The following two years posted massive growth for the S&P 500, with the index gaining 16.26% for the year in 2020 (despite the huge drop in February) and increasing 26.89% in 2021.
Again, investors who’d sold in a panic would have potentially missed on serious growth in their portfolio.
What does that mean for investors now?
The 2022 bear market officially began on 13th June. If we go by the average bear market length that means it would be over by mid-October and the good times would be back for Christmas.
That may seem a little premature, so what about the worst case scenario?
Well if we take the starting date and add 630 days, we’re looking at March 2024 before the bear market is over. Quite a difference.
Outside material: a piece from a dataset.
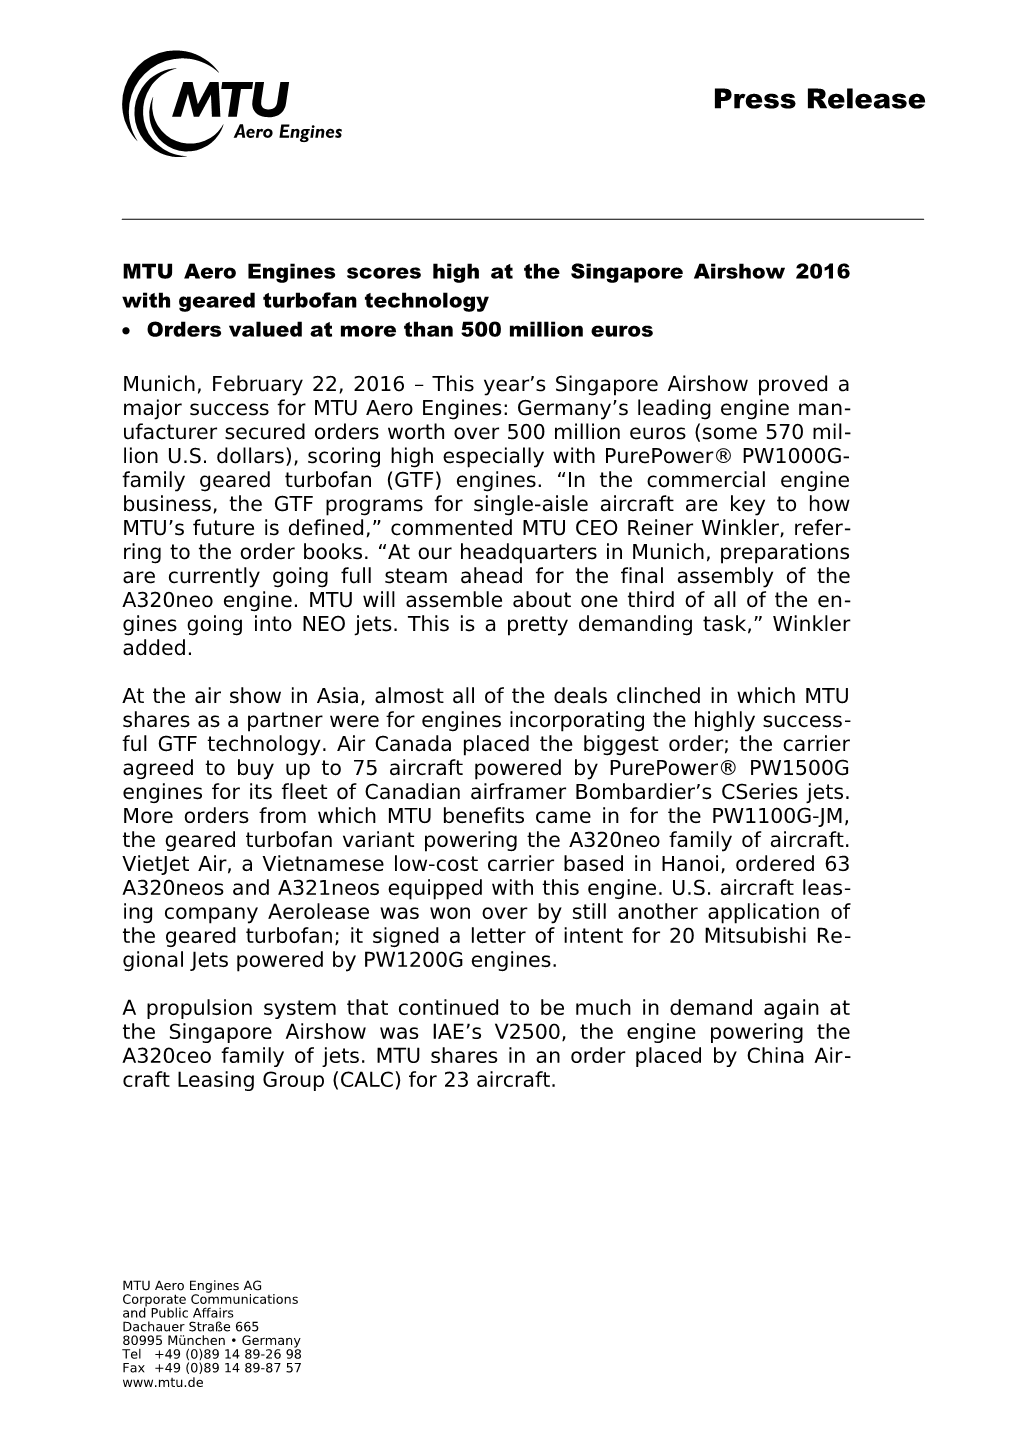 MTU Aero Engines Scores High at the Singapore Airshow 2016 with Geared Turbofan Technology

Of course, there’s no way to know for sure when exactly the current bear market will end. Who knows, maybe it will last beyond March 2024 and break a new record for the longest ever.
What we do know is that it is almost certain to end at some point. The stock market is simply our economy and society in action. We spend money on things like groceries, clothing, electricity, gas and entertainment. Companies generate revenue from our spending and this is reflected in their share price.
That’s not to say that individual companies can’t fail, they obviously can. Maybe we stop spending money at one grocery store and go to another one instead. Maybe we all cancel Netflix and go back to cable.
Our spending habits can change but that spending will still go somewhere. It means that there will always be companies providing goods and services that we want to pay for, which means there will always be stocks in good companies that investors can buy.
For the market to crash and never recover, it means there’s been a serious breakdown in society and the world as we know it has changed.
That’s not to say it’s impossible. It could happen, but if it did, people are probably going to be more concerned with how to secure their underground bunker rather than what their investment portfolio is doing.